• Instructions to follow
Look below for the line with "Fort Ross is" and the line with "7255 Pet Feeding"; repeat exactly those two lines and all lines between them, but no pictures.

• Listed records
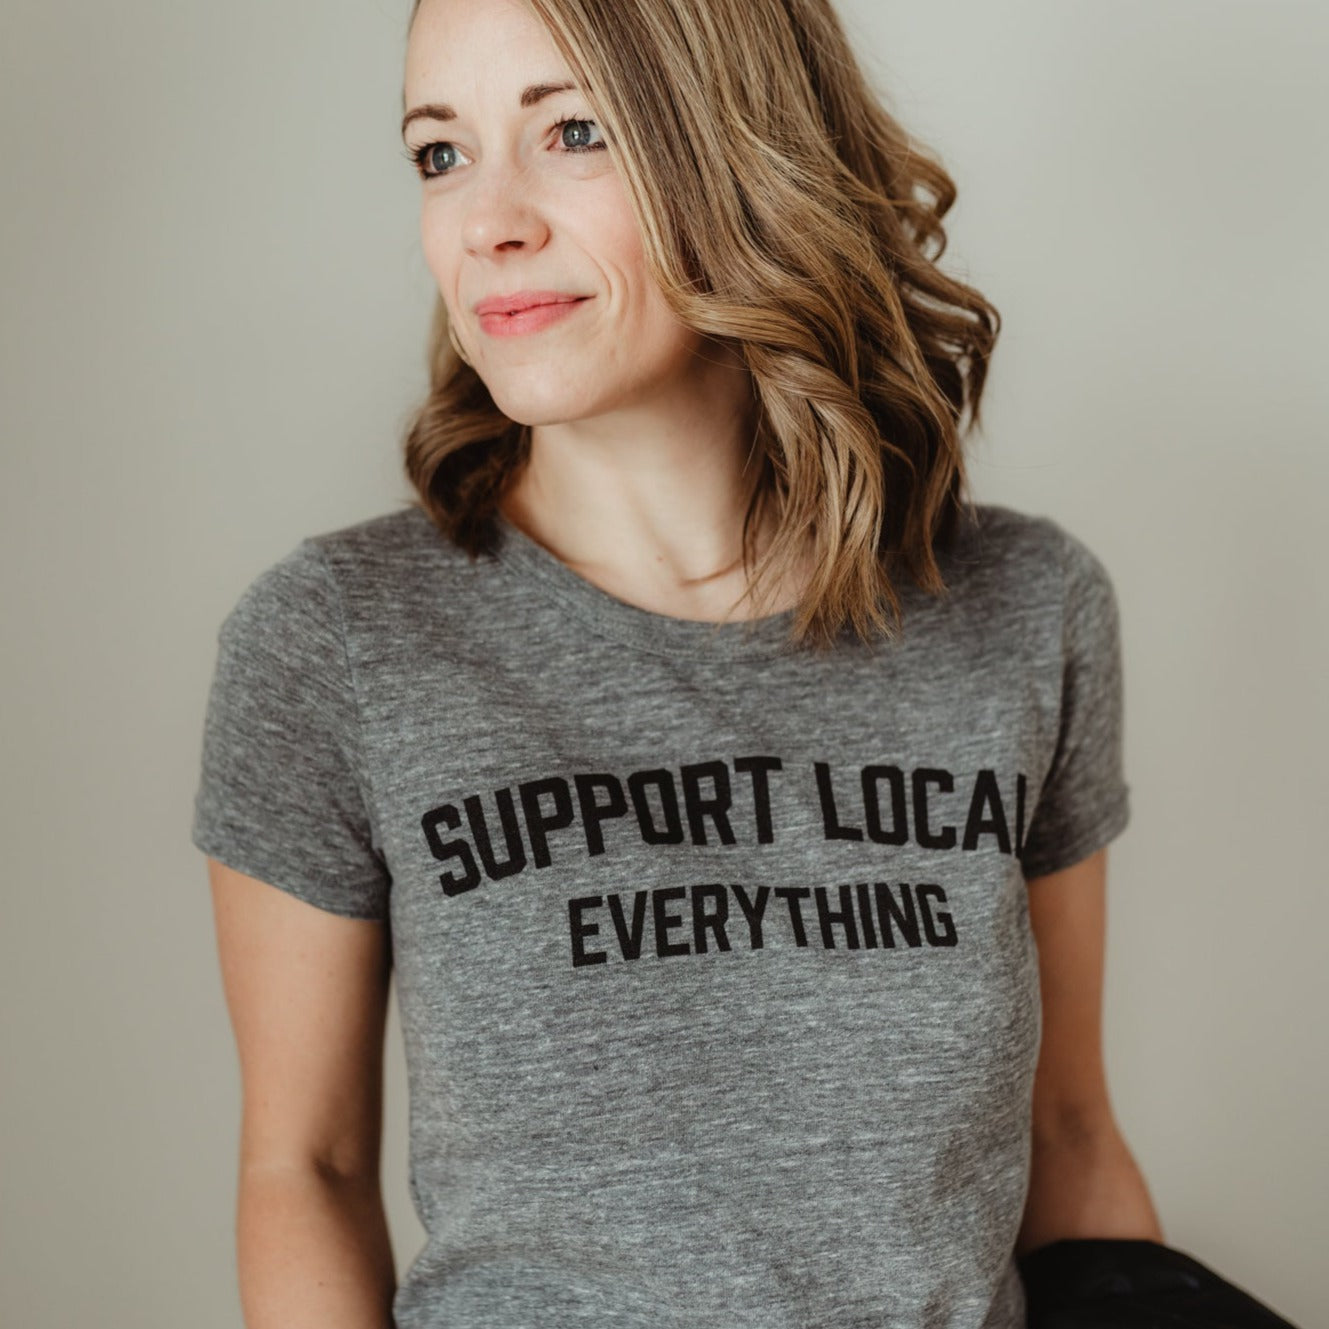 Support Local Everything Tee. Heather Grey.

==

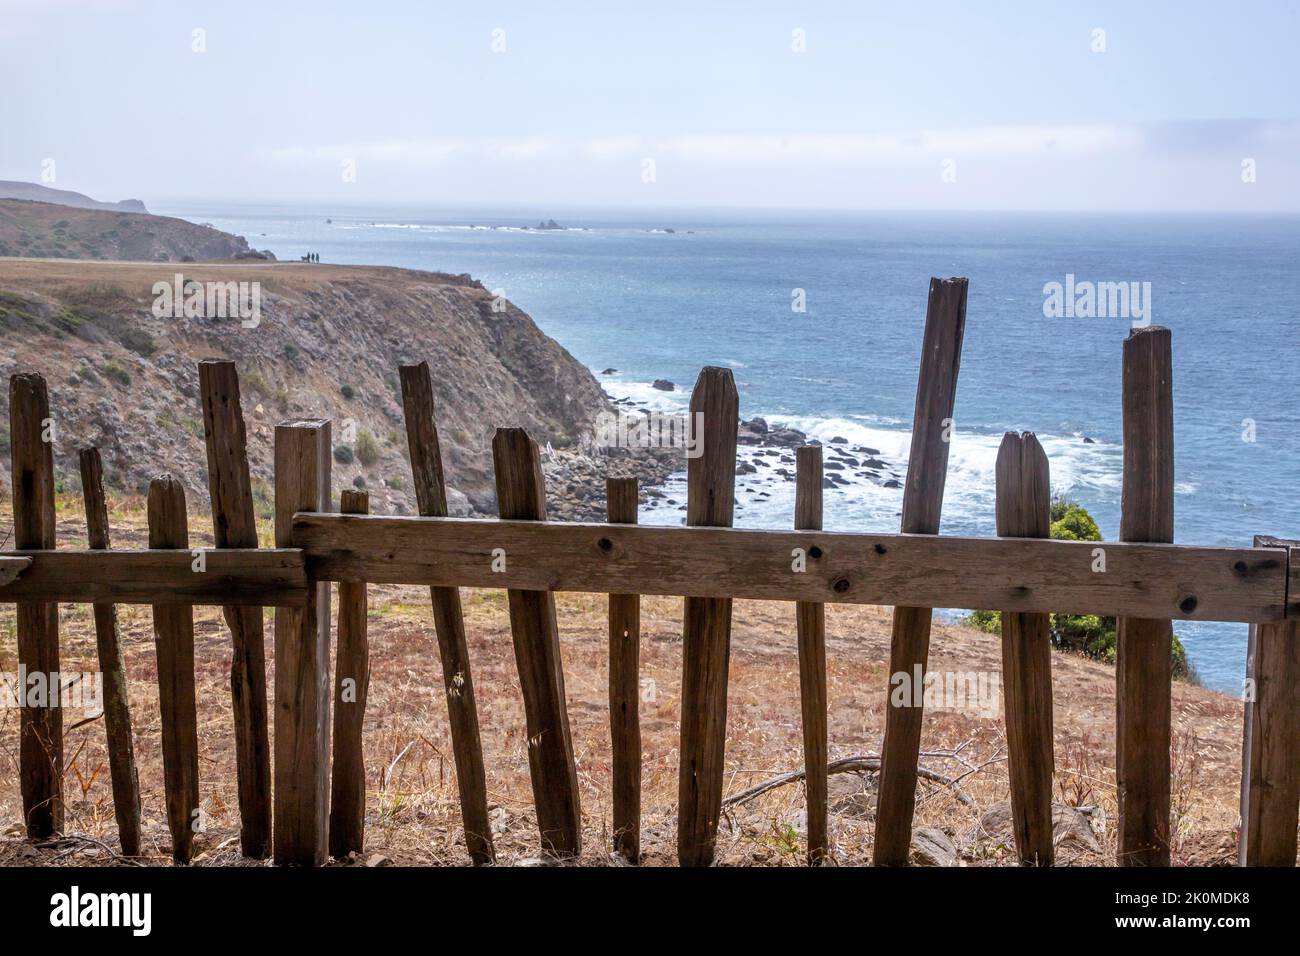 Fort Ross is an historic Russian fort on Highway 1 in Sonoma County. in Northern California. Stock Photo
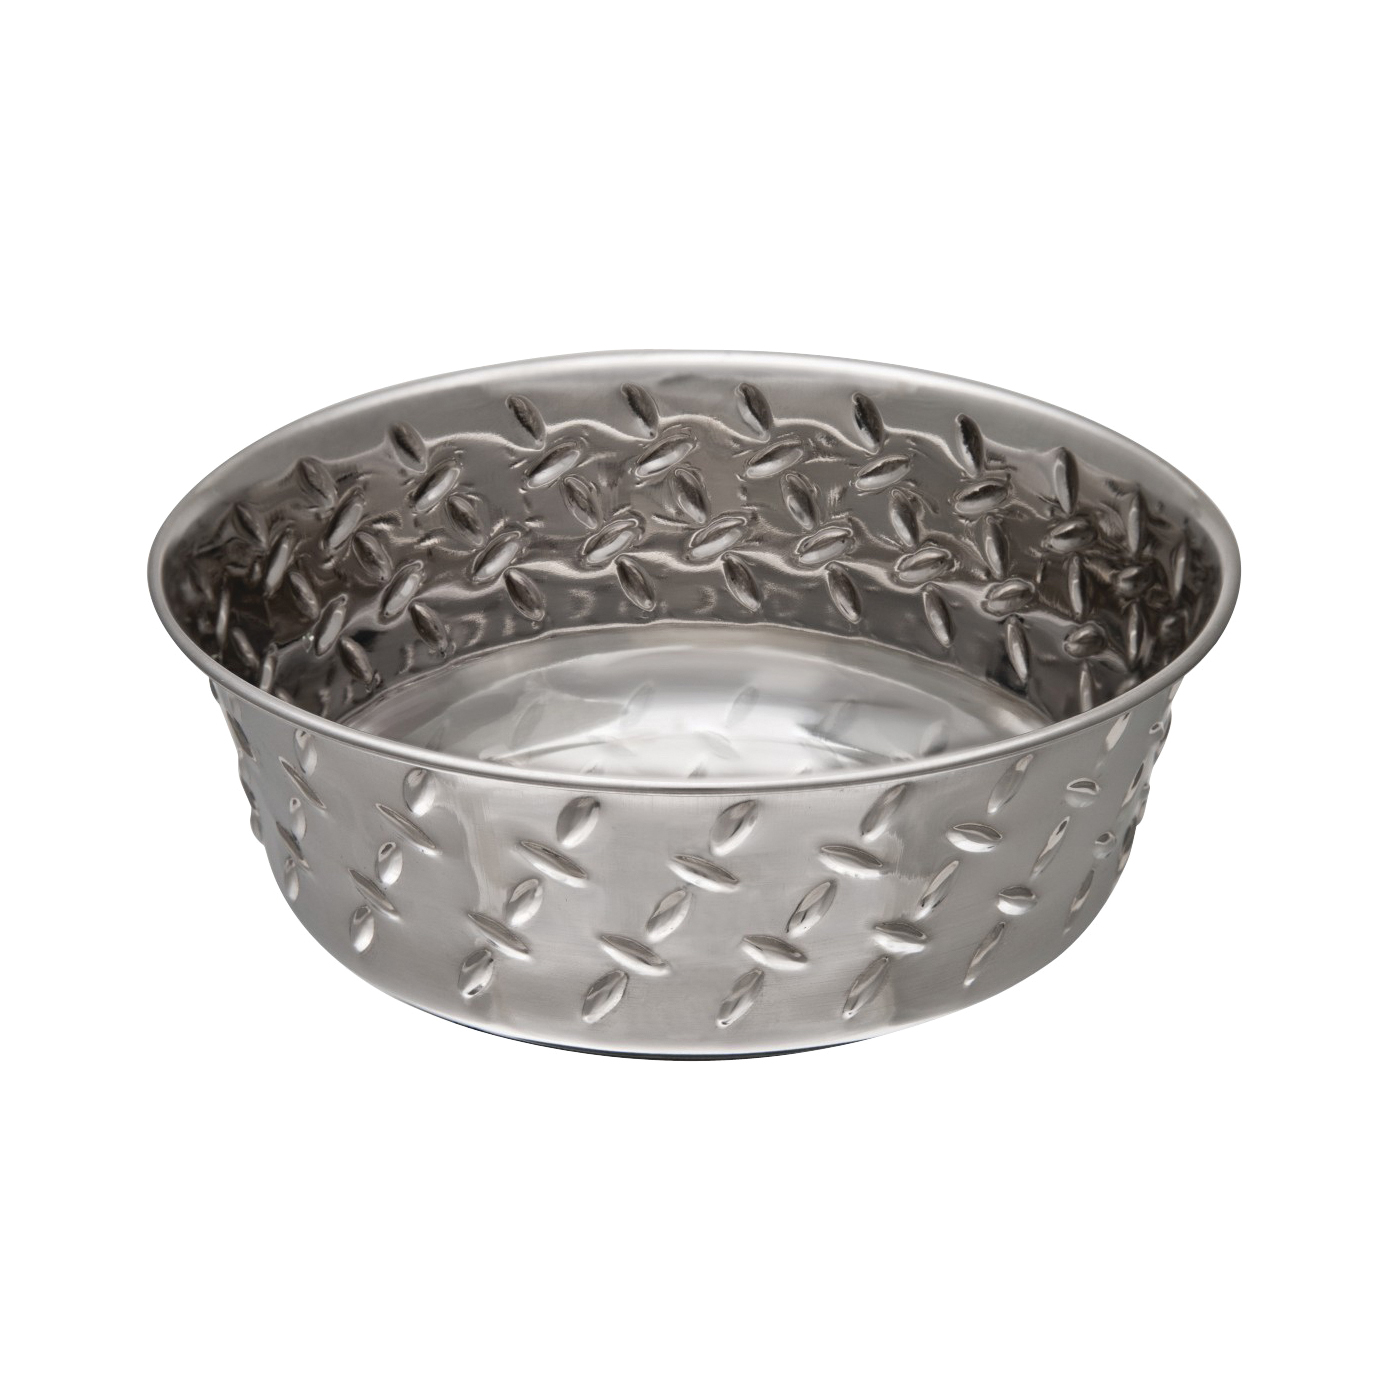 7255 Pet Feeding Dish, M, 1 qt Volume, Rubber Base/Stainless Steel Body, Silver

• Output below
 Fort Ross is an historic Russian fort on Highway 1 in Sonoma County. in Northern California. Stock Photo
 7255 Pet Feeding Dish, M, 1 qt Volume, Rubber Base/Stainless Steel Body, Silver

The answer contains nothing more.